Caffeinated Drupal at Drupal Cafe Interested in Pressflow, APC, Varnish and memcache? Want to jump from shared or "grid" hosting to VPS or dedicated hosting but aren't sure what to do? Do you just want to get more out of what you currently have and take your Drupal site to the next level?

Meet with friends, have coffee and talk about Drupal performance on the Westside at the Venice Grind between 5-8pm on Thursday, September 8, 2011. In the past, we've gone to dinner afterward at nearby restaurants including El Agave and Mitsuwa. You're invited!

To get last-minute updates, sign up by clicking the Signup button below or stay tuned to the comments on this page (or both!).

When: 5pm to 8pm on Thursday, September 8, 2011
Where: Venice Grind at 12224 Venice Blvd, Los Angeles, CA 90066

How to prepare for this meetup

Just bring your laptop, a copy of Pro Drupal Development or whatever else you need. We're meeting at the back patio, so bring a jacket just in case it's cold.
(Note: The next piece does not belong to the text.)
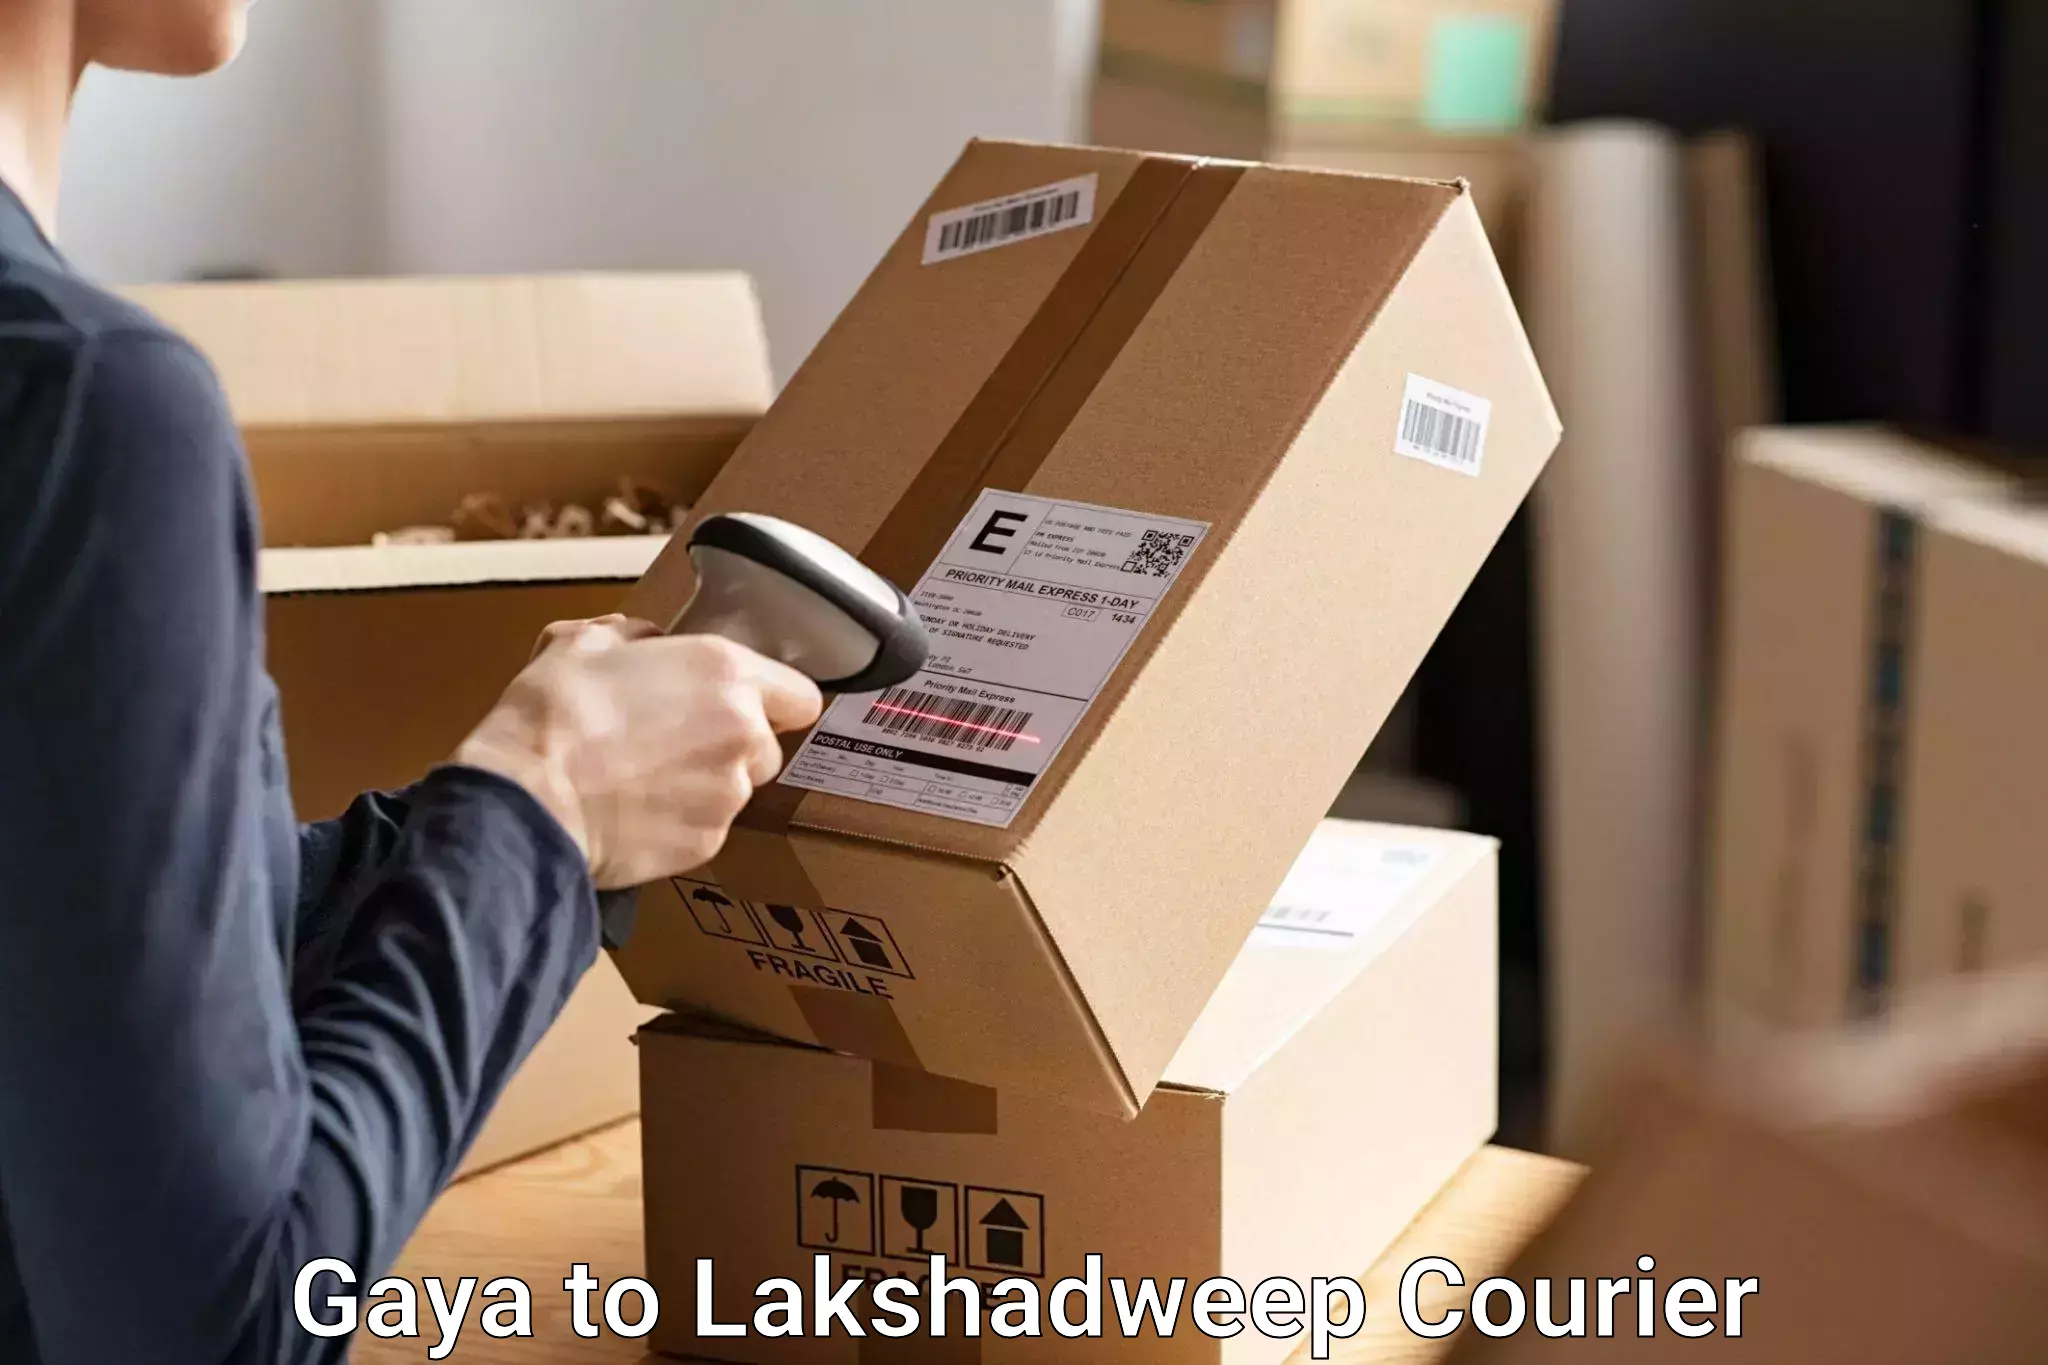 Baggage relocation service Gaya to Lakshadweep

There's plenty of metered parking on Venice Blvd. as well as some free parking in the back. Parking on the street is free after 8pm, so be sure to feed your meter if you come at 5pm.

If for some reason you need a lot of bandwidth, please note that the free wireless at the Venice Grind is limited to 1Mb per client, so bring your MiFi router, a phone you can tether with or your credit card to get a 5Mb connection for the day.

Topics

Google MapThis time we'll be focusing on High Performance Drupal. If you're interested in things like Pressflow, APC, Varnish, Pantheon, and memcache, or if you already know about multi-tier infrastructure and want to talk about things like HipHop, CloudFlare, Google Page Speed, Virtualmin, AWS, RightScale, Chef and DevStructure, this is the place for you.

Location

We're meeting in the back patio at the Venice Grind café on the corner of Venice Blvd. and S. Centinela Ave. Their phone number is 310-397-2227.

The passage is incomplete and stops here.